COOLAIR structure–function dissection

Our multiple structural comparisons have identified H4–H6 as a hyper-variable region (Extended Data Figs. 4e,f and 5c). To analyse the potential functional role of this region, we generated transgenic plants where the DNA contained four-nucleotide mutations (mut) designed to increase the bulge in the H4–H6 region by shortening H4 and H5 (Fig. 4a–d and Extended Data Fig. 7a). The structural effect of these four mutations was confirmed by smStructure-seq (Fig. 4d). We then performed a systematic characterization of the COOLAIR transcript isoforms in the mut line: the splicing pattern and expression level of COOLAIR were not affected (Extended Data Fig. 8a–d).
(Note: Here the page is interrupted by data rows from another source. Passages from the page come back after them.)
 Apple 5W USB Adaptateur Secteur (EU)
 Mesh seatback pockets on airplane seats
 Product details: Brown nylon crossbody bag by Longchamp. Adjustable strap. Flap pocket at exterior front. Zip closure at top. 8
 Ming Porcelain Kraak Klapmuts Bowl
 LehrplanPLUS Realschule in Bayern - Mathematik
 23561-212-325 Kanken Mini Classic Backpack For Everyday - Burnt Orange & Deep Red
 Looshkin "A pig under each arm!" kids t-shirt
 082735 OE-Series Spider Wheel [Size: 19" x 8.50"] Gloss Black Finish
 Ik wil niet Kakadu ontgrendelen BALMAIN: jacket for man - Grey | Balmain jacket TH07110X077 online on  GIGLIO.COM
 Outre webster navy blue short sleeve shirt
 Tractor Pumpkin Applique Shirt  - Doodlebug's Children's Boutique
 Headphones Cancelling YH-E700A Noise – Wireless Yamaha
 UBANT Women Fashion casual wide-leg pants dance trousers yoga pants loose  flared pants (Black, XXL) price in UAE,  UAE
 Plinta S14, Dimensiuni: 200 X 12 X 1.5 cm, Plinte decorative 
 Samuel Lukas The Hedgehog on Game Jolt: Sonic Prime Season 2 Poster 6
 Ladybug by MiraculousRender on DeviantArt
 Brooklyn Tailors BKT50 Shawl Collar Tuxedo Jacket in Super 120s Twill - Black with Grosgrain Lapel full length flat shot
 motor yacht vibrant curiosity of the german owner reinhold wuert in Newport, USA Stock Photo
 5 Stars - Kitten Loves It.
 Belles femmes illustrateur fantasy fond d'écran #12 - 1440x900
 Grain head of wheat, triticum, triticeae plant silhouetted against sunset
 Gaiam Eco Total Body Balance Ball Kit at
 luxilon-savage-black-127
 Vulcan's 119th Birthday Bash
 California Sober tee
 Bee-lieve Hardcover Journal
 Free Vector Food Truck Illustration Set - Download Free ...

However, the proportion of chromatin-bound class II.i increased in the mut line (Extended Data Fig. 8e), indicating an enhanced interaction between class II COOLAIR RNA and FLC chromatin. This was confirmed using chromatin isolation by RNA purification (ChIRP), which showed increased chromatin association of the class II COOLAIR across the FLC TSS region in the mut line (Fig. 4e,f). This 5′ ChIRP signal has previously been shown to be sensitive to proteinase K4. The mut lines produced lower levels of both unspliced and spliced FLC transcript (Fig. 4g and Extended Data Fig. 8f), and were consequently early flowering (Fig. 4h,i). A second mutant (mut-r) in which nucleotides were introduced to decrease the bulge and increase the H4–H6 helix behaved similarly to the wild-type transgene (Extended Data Fig. 7a–c).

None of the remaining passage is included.